Like the previous 2 methods, naïve and moving averages, the Exponential Smoothing method is going to use historical data of the demand to forecast. However, though this demand forecasting method is a little more complicated, it has some distinct advantages.
One of the benefits of this model is that it takes the most recent observations into account and weights them accordingly. For example, if we are looking at 4 years of demand forecasts, April/May/June of 2014 will likely be weighted differently in April/May/June of 2019. The exponential smoothing method takes this into account and allows for us to plan inventory more efficiently on a more relevant basis of recent data.
Another benefit is that spikes in the data aren’t quite as detrimental to the forecast as previous methods. The most recent forecast has the highest weight and therefore should be the most accurate in predicting demand, as opposed to the moving averages method where the weight for each period is fixed.
While these advantages are great when planning inventory for a specific month, the exponential smoothing model limits our ability to forecast demand using seasonality. This model also cannot be used to identify trends though the next article entitled “trend projection” will resolve that issue.

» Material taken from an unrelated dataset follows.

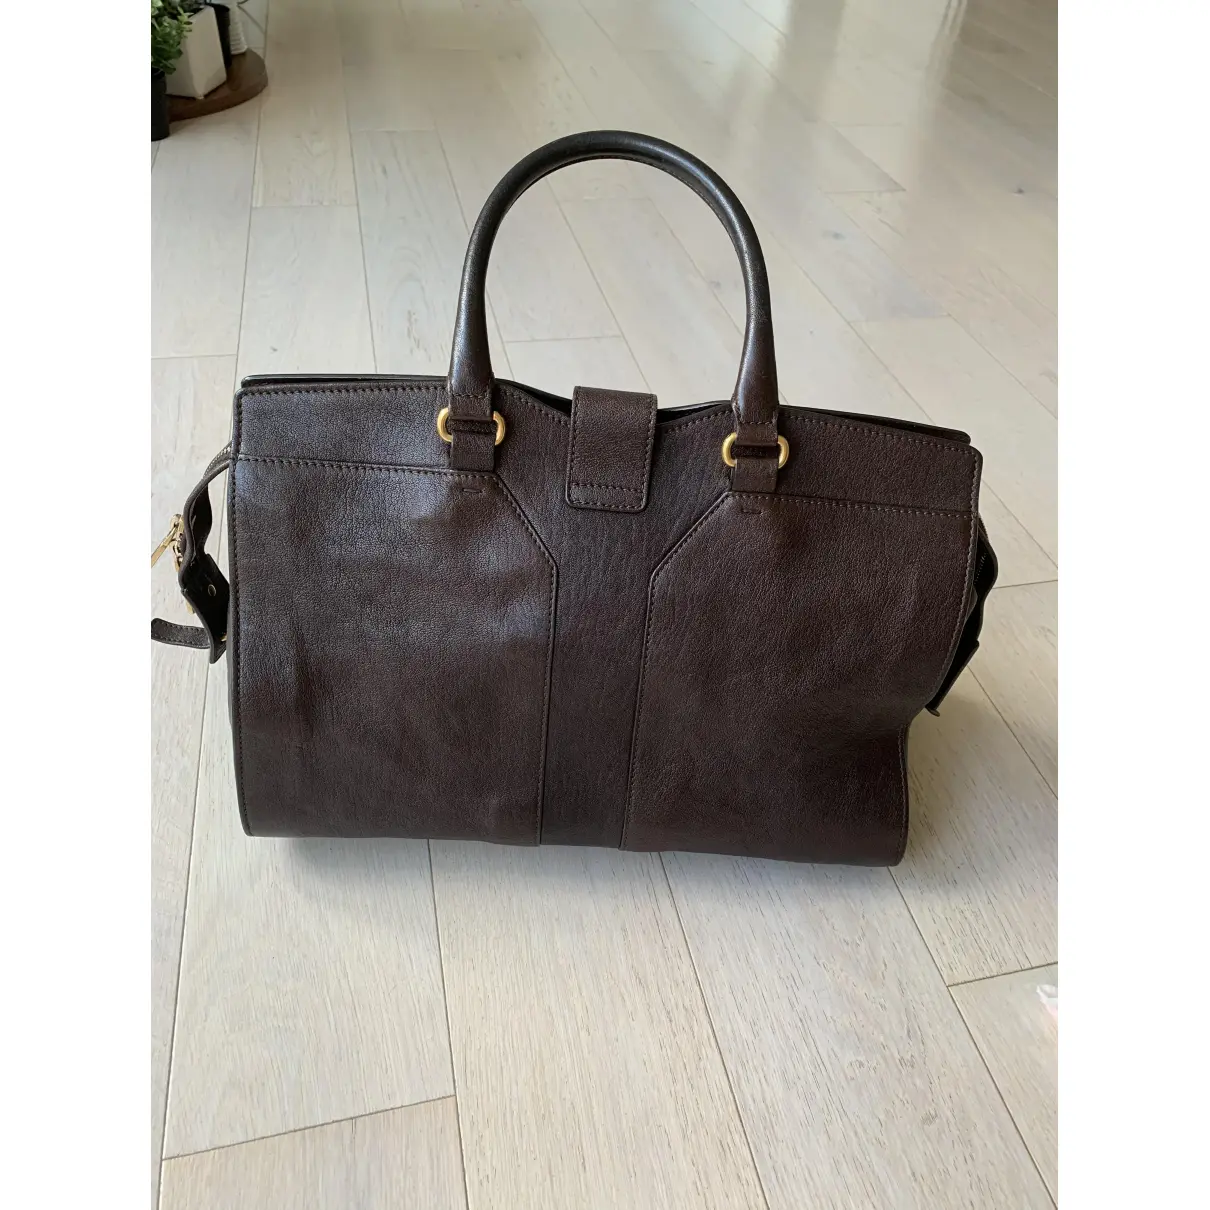 Buy Yves Saint Laurent Chyc leather handbag online

Though these issues are inconvenient, this model helps us establish a nice foundation for more complex demand forecasting models. Let’s get into it!
How does it work?
To understand this forecasting model, I’ve taken our 4-year historical data set and created a table.
Because this method requires demand planning expertise, you, as the demand planner, are going to have to choose a value for what is known as the “smoothing constant” This constant will determine the impact prior observations have on the forecast. We will represent the constant as α in our forecasting equation.

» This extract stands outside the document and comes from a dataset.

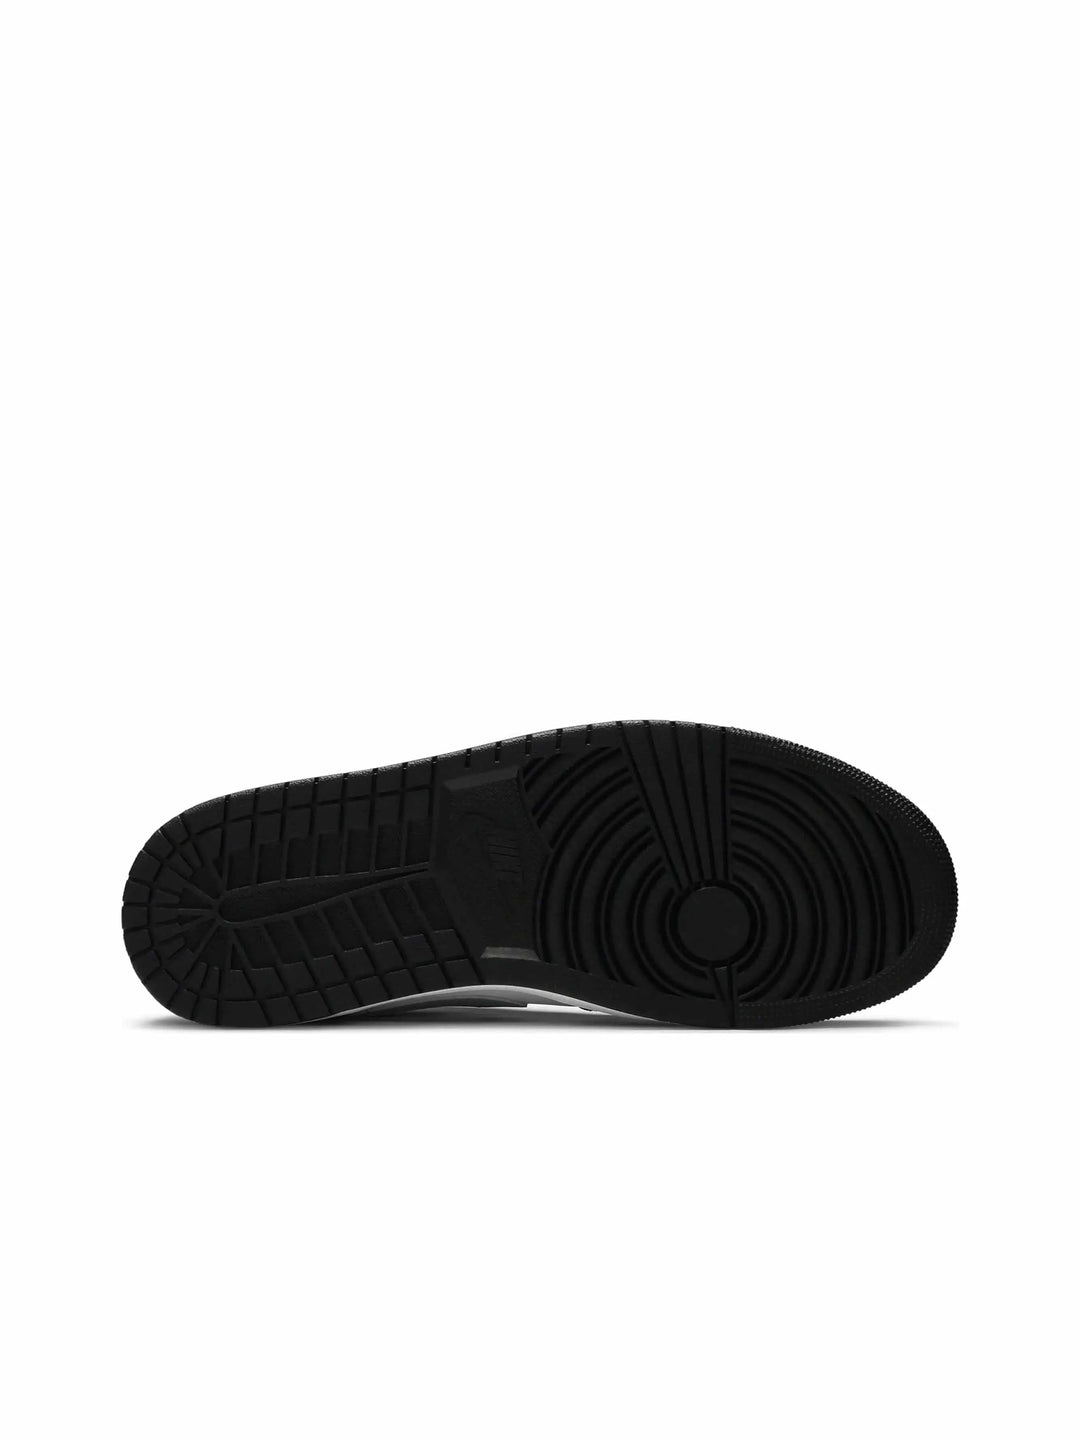 Nike Air Jordan 1 Low Black White Grey - Prior

The equation for exponential smoothing is:
Forecast of period 1 + α*(Actual Sales for period 1 – Forecast for period 1)
The best way to identify your smoothing constant is by understand the difference between a high decimal and low decimal. The smoothing constant is going to be a number between 0 and 1.

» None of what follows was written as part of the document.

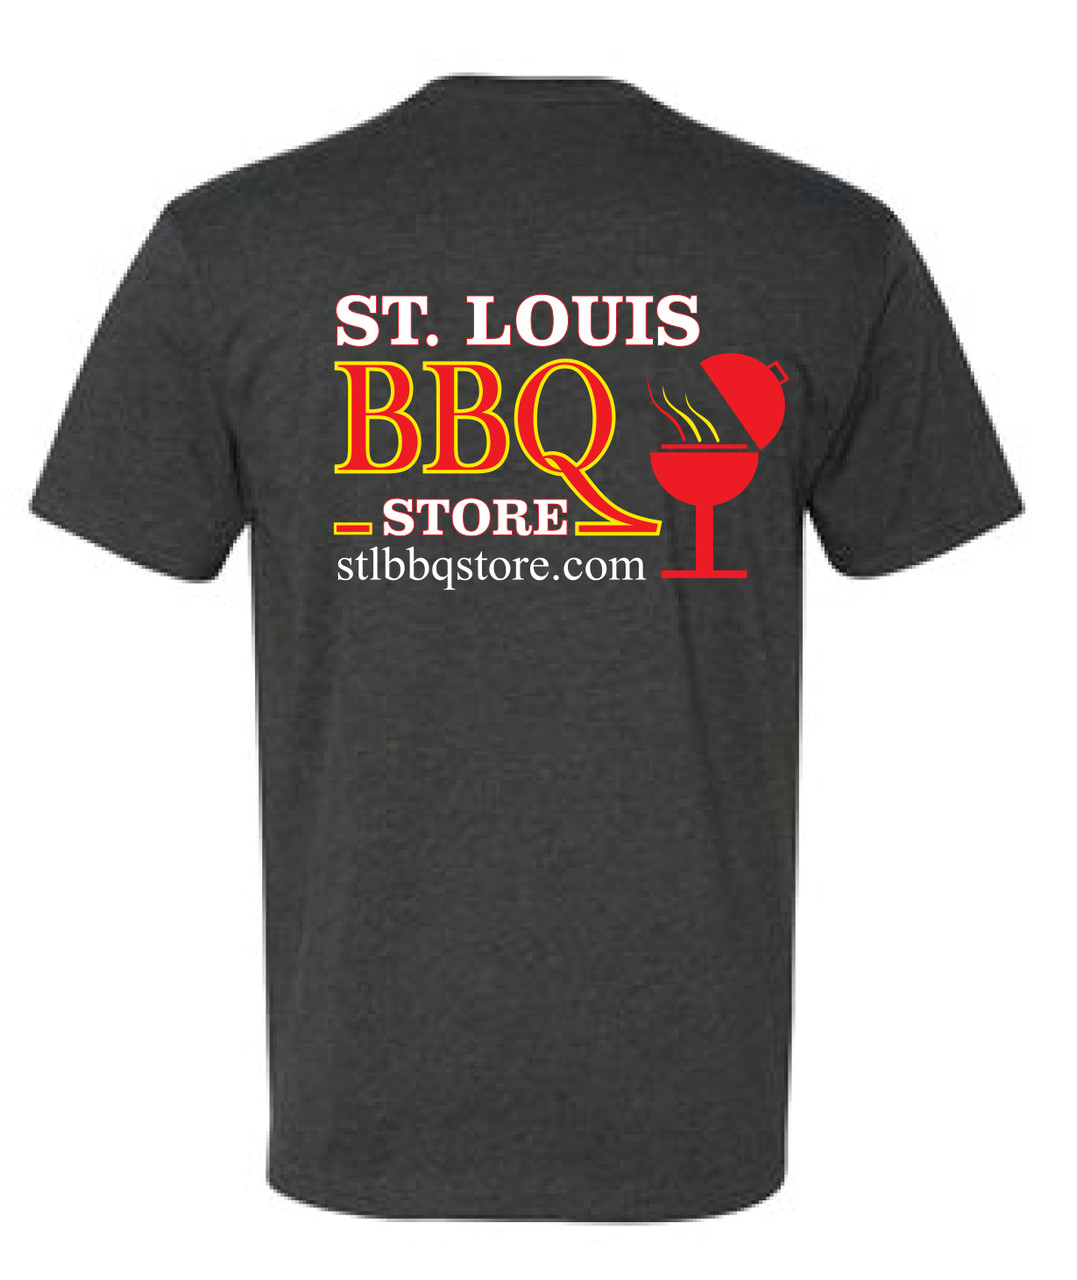 St. Louis BBQ Store T-Shirt

The higher a smoothing constant, the more sensitive your demand forecast. This means you will see large spikes of data. This is what a smoothing constant of 0.8 would look like with our data:
The lower a smoothing constant, the less sensitive the forecast and thus the less spikes in demand the forecast will have. This is what a smoothing constant of 0.2 would look like with our data:
Knowing what smoothing constant to use is an important part of demand planning. You need to know your company, know your products, and know your inventory.
If you’re just starting out, there is a method you can use to determine a smoothing constant. That method is trial and error. I would suggest creating 4 columns of possible constants, next to your original. From there you can have a healthy range, let’s just say 0.2,0.4, 0.6, and 0.8. You can then view them on a graph and determine which constant, or which combination of constants best fits the graph.
How it applies to inventory planning?
Forecasting using a combination of quantitative methods and your own experience as a demand planner is what will set you apart in your industry. If you know that your product typically tends to have a high level of noise, then you should plan use a small constant. If you know your product has a low level of noise, it would make sense to use a higher constant because you won’t have to worry about data spikes all too often. Understand these methods will help you keep track of your inventory and make the right decision when planning orders.